* **BRIEF**: Skip pictures in the listing below; copy exactly the lines from the one with "岩瀬いづみピアノ教室のサムネイル" through the one with "Zahnarzt in Berlin", inclusive.

* **DATA**:
Start of Block

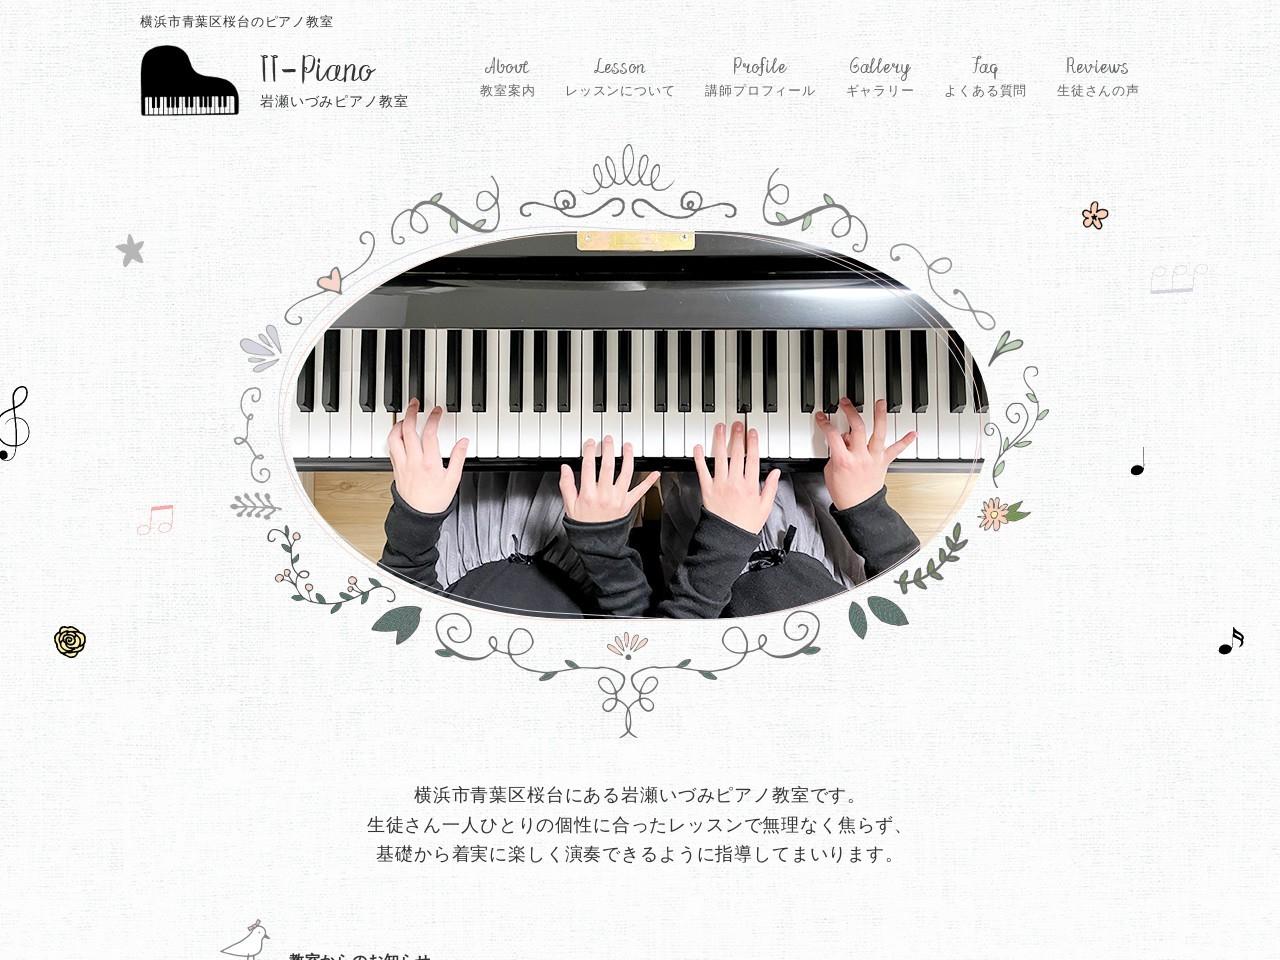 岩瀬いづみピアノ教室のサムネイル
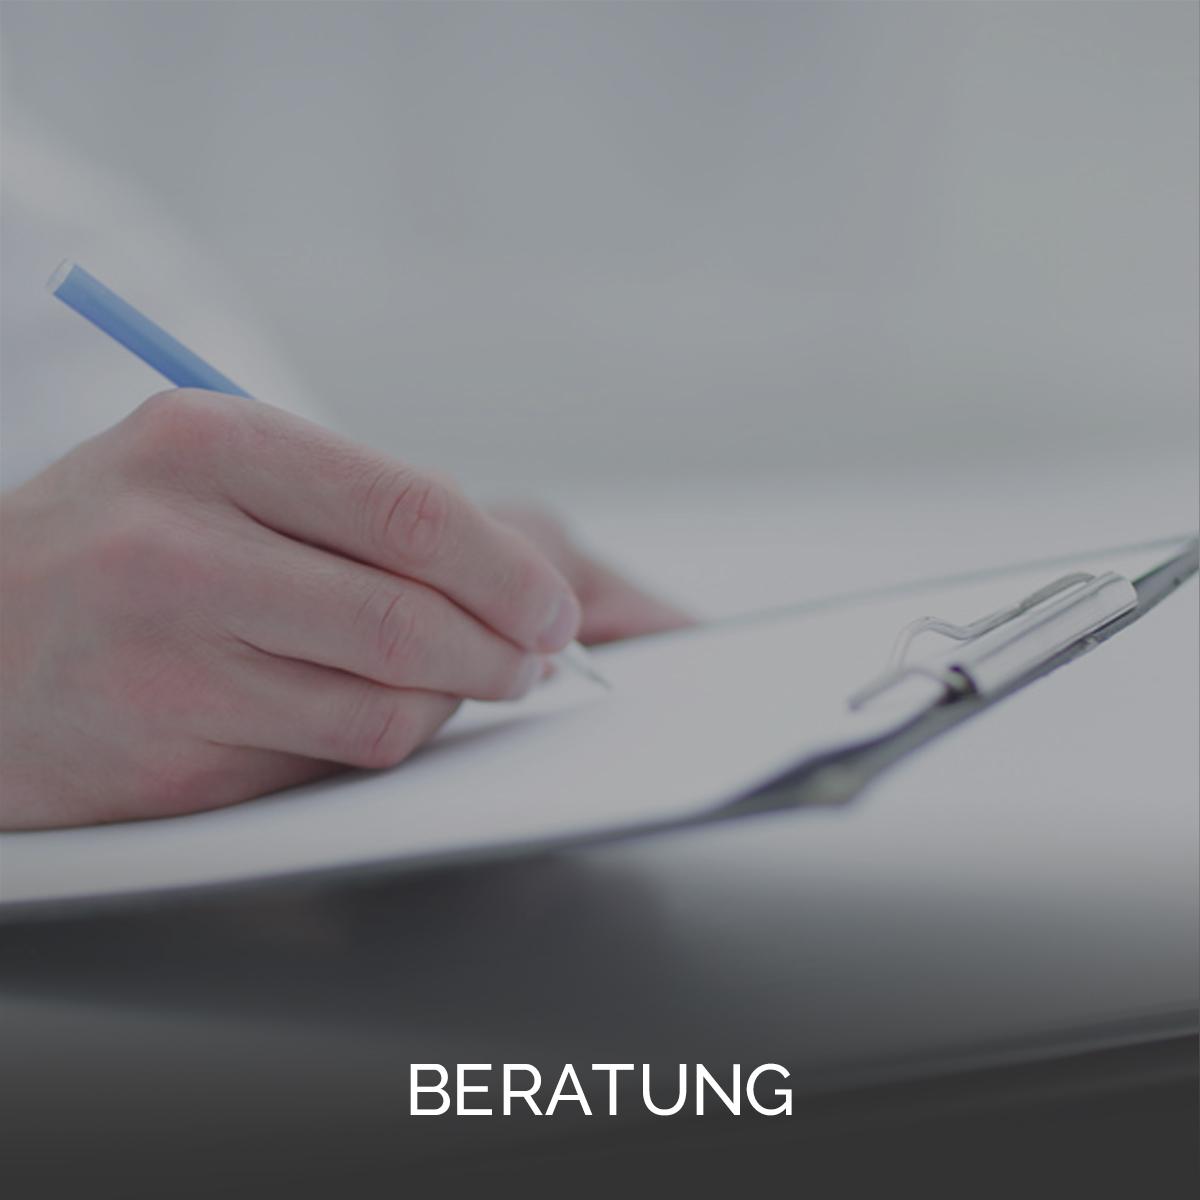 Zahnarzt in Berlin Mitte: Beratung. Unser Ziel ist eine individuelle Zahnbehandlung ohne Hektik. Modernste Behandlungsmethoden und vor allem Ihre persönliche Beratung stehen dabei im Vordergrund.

End of Block
Start of Block

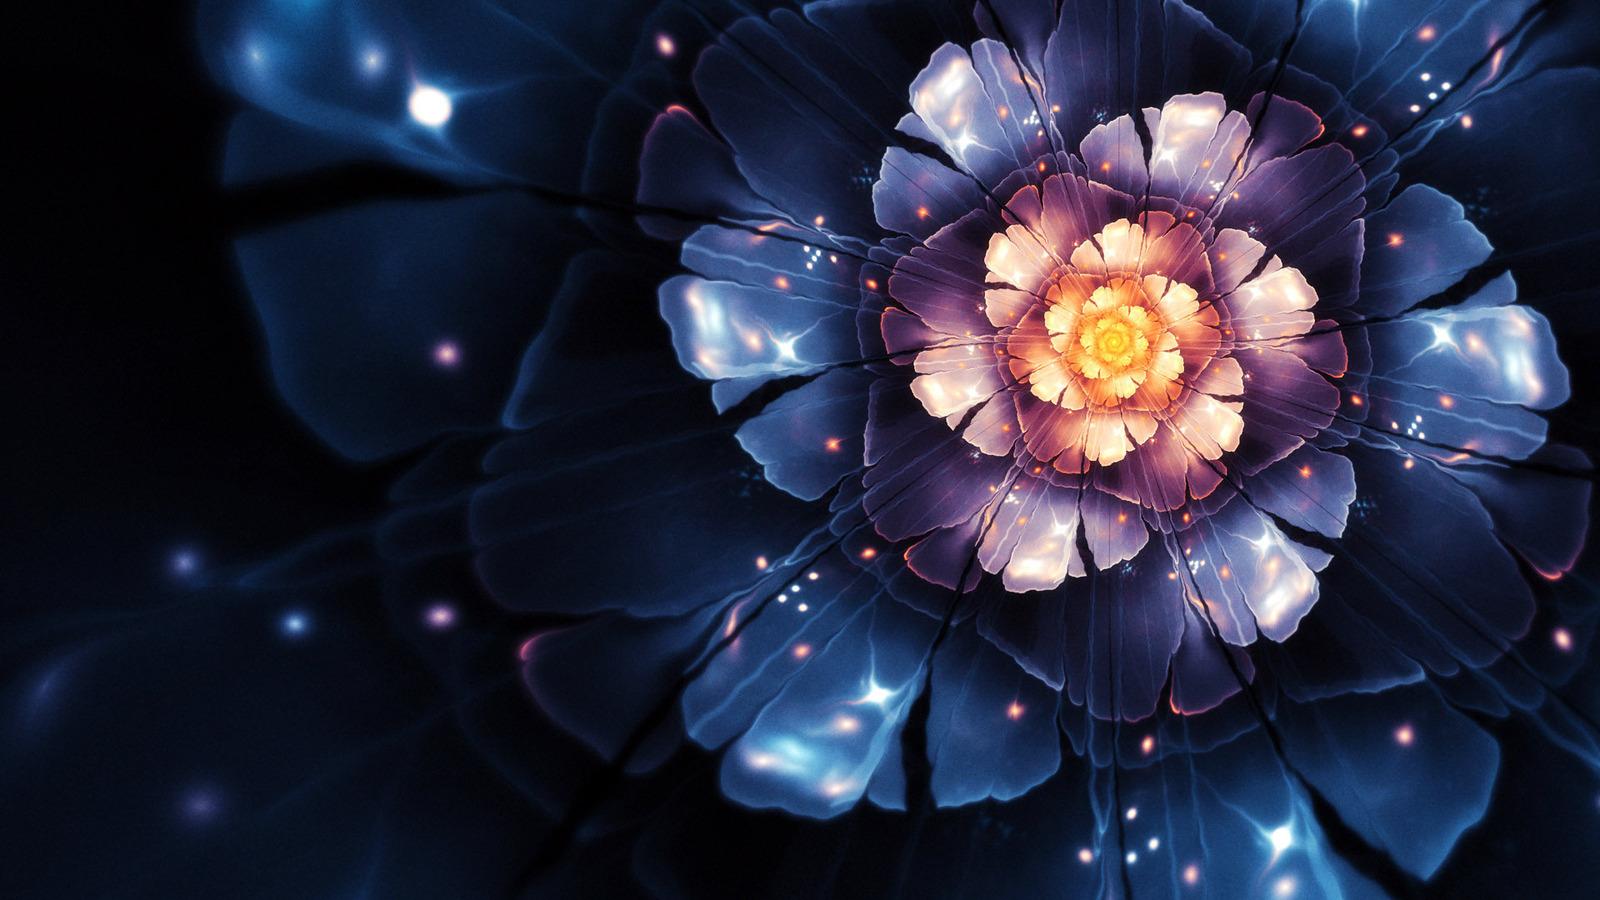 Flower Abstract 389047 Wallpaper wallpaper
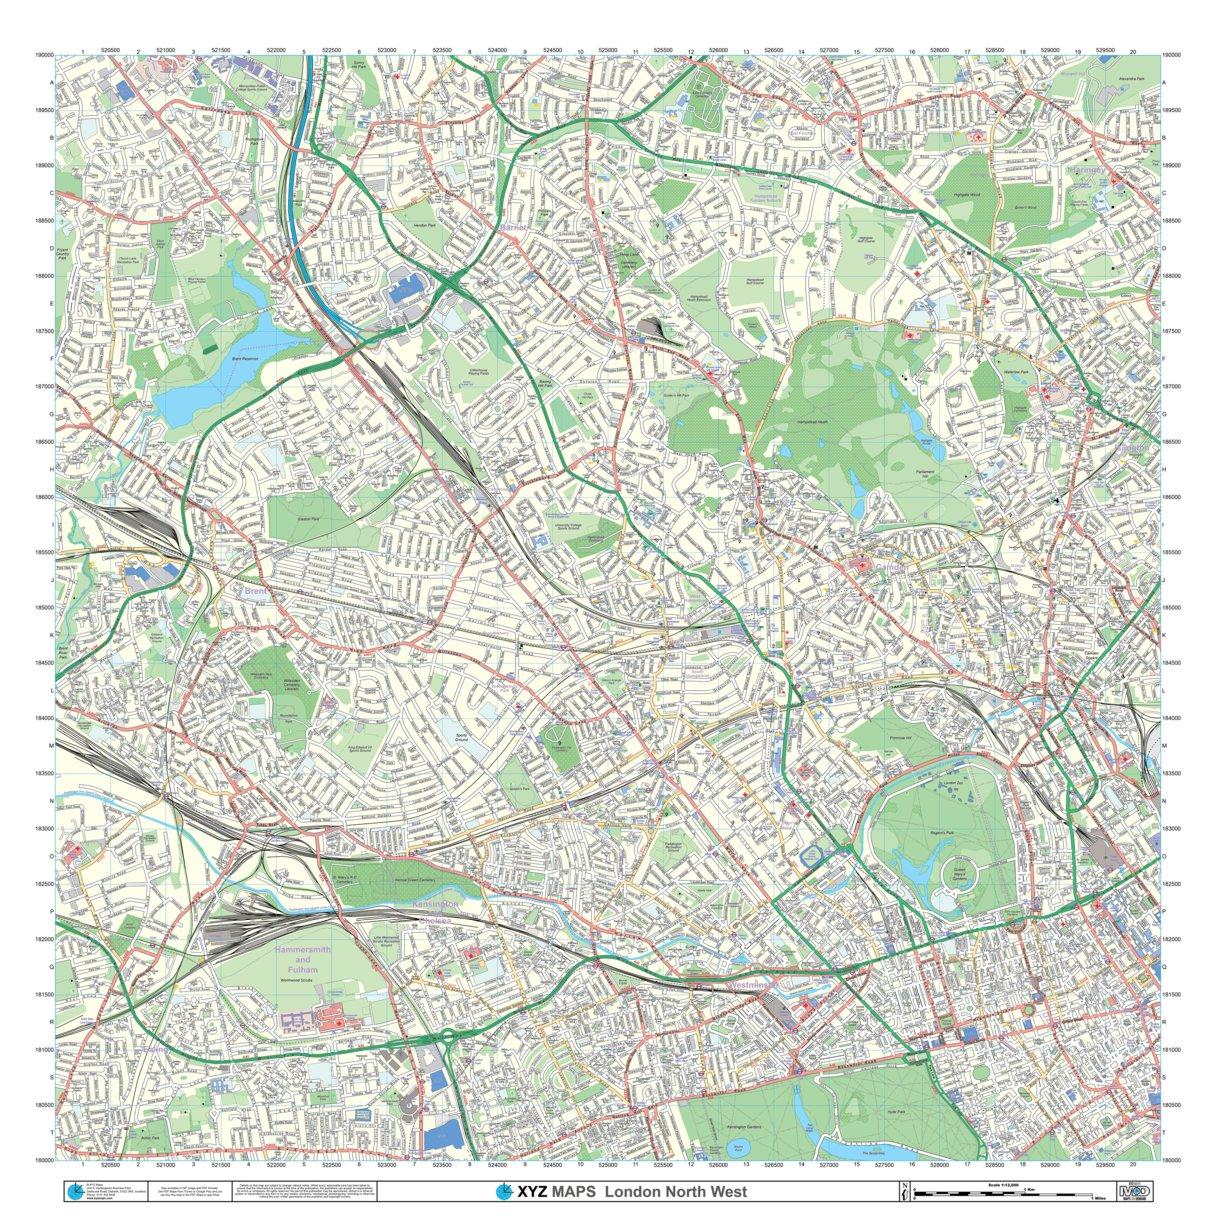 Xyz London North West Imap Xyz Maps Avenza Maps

End of Block
Start of Block

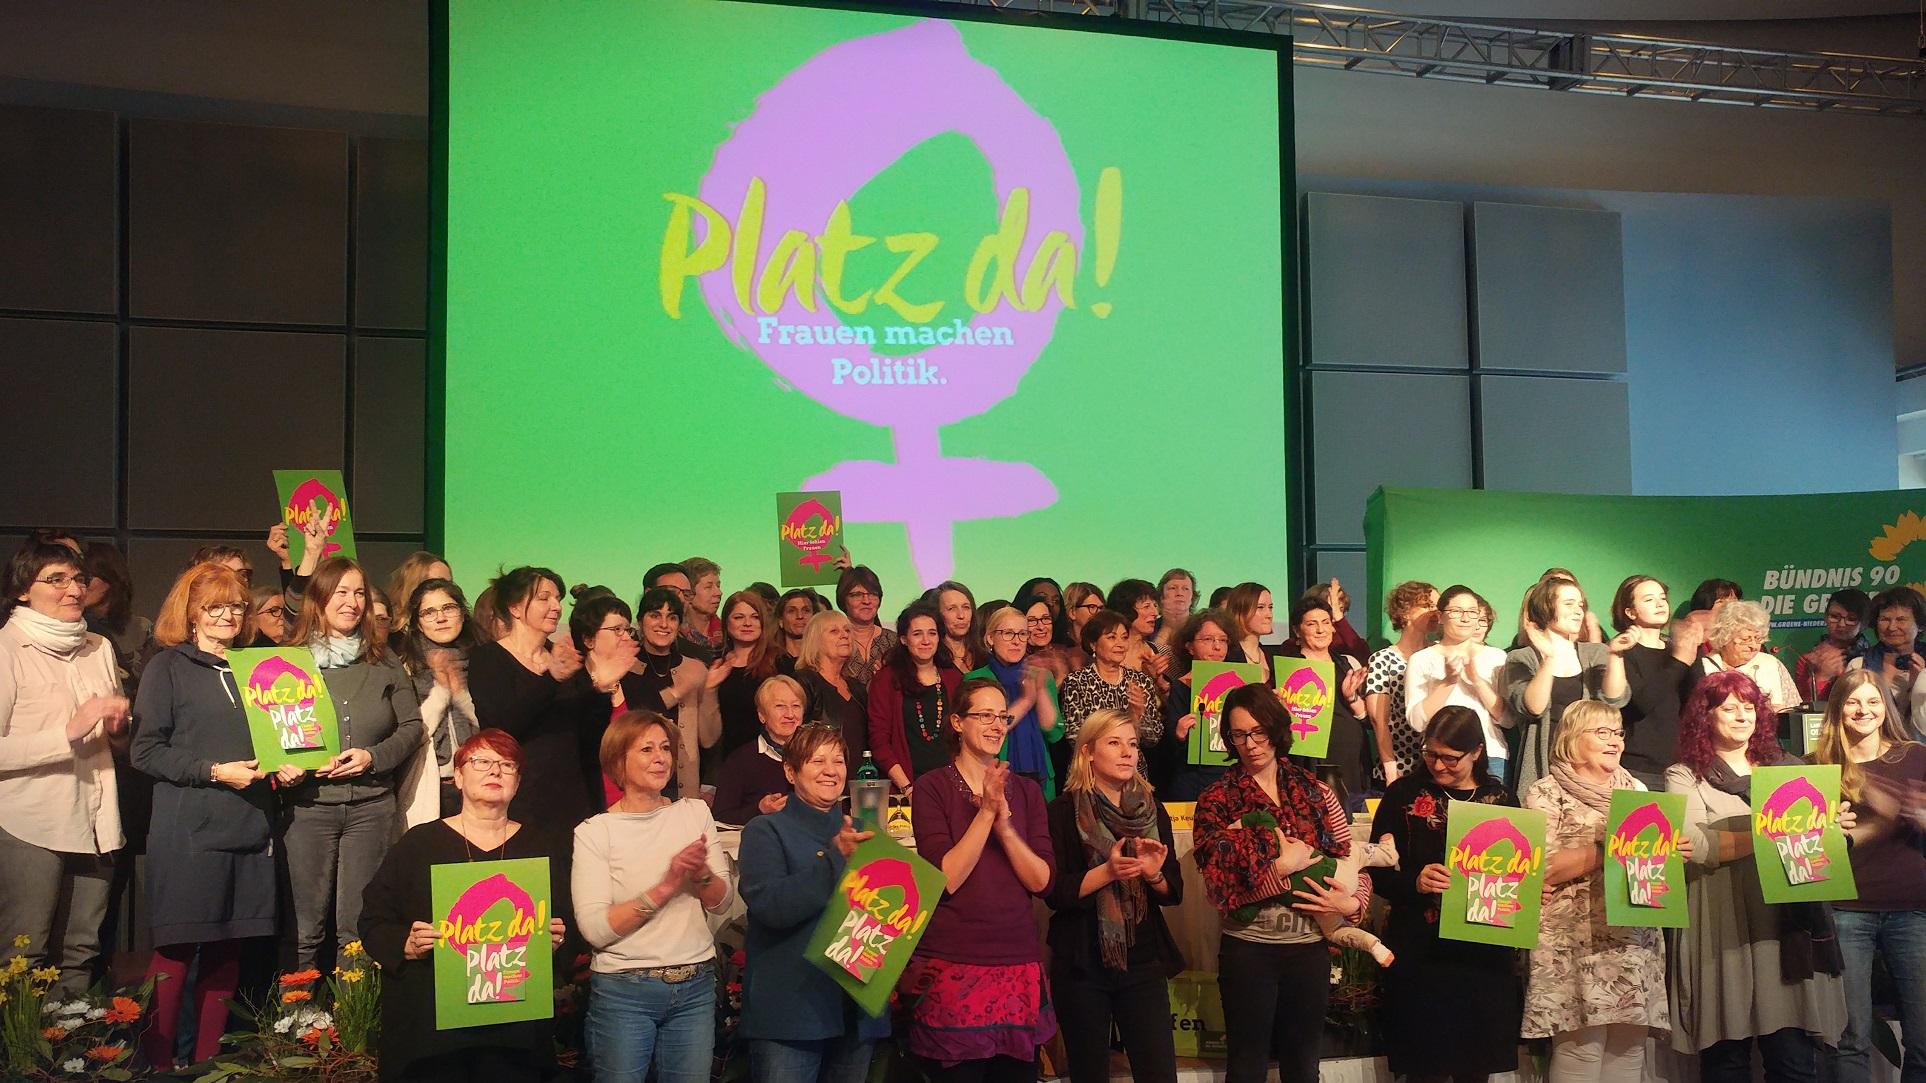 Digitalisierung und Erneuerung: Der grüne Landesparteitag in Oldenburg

End of Block

* **THE COMPLETED TASK**:
 岩瀬いづみピアノ教室のサムネイル
 Zahnarzt in Berlin Mitte: Beratung. Unser Ziel ist eine individuelle Zahnbehandlung ohne Hektik. Modernste Behandlungsmethoden und vor allem Ihre persönliche Beratung stehen dabei im Vordergrund.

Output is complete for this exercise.